> **Task directions**: Please report every line in the material below where the word "Foto" is found.

> **Study material**:
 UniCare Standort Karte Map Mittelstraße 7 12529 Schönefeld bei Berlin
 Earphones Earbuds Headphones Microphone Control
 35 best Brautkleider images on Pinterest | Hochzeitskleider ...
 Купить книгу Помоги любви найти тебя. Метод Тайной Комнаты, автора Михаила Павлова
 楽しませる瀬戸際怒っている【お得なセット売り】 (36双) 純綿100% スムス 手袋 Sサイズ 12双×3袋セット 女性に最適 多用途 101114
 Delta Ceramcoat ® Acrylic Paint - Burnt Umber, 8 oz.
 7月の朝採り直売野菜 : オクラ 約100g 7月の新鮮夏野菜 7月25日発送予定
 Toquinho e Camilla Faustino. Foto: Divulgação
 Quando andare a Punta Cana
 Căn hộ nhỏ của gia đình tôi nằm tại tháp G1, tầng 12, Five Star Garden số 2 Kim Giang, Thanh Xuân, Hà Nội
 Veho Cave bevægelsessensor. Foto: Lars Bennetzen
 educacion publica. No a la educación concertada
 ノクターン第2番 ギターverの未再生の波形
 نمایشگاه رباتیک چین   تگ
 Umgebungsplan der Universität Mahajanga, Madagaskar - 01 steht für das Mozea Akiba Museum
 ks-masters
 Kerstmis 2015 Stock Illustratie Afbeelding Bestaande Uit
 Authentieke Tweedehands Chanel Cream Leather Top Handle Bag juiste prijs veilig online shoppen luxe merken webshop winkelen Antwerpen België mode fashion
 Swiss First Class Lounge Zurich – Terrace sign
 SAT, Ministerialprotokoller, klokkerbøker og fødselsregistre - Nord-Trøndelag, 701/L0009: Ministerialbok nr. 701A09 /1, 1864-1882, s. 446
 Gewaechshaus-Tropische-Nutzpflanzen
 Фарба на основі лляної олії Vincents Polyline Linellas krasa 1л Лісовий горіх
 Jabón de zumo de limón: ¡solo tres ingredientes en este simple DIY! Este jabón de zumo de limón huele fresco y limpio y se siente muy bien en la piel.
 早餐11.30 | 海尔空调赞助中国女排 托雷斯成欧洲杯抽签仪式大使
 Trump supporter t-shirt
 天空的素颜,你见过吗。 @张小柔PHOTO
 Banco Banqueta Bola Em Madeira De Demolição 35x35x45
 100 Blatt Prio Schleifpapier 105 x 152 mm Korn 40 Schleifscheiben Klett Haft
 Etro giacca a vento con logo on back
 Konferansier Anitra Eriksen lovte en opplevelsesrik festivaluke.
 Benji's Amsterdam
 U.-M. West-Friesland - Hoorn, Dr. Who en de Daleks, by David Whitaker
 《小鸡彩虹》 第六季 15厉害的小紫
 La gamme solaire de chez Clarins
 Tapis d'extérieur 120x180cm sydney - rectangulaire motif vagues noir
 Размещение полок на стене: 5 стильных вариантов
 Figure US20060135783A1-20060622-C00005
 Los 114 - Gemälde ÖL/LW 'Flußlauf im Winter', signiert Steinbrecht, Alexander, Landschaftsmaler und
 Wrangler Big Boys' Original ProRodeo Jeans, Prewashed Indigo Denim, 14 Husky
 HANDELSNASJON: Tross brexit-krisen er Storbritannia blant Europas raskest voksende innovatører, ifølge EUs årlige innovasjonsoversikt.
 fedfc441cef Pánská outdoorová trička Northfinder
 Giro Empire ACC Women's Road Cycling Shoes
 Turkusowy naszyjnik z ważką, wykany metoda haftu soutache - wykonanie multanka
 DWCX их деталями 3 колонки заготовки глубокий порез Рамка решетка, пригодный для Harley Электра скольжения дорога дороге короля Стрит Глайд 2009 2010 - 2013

> **Answer box**:
 Toquinho e Camilla Faustino. Foto: Divulgação
 Veho Cave bevægelsessensor. Foto: Lars Bennetzen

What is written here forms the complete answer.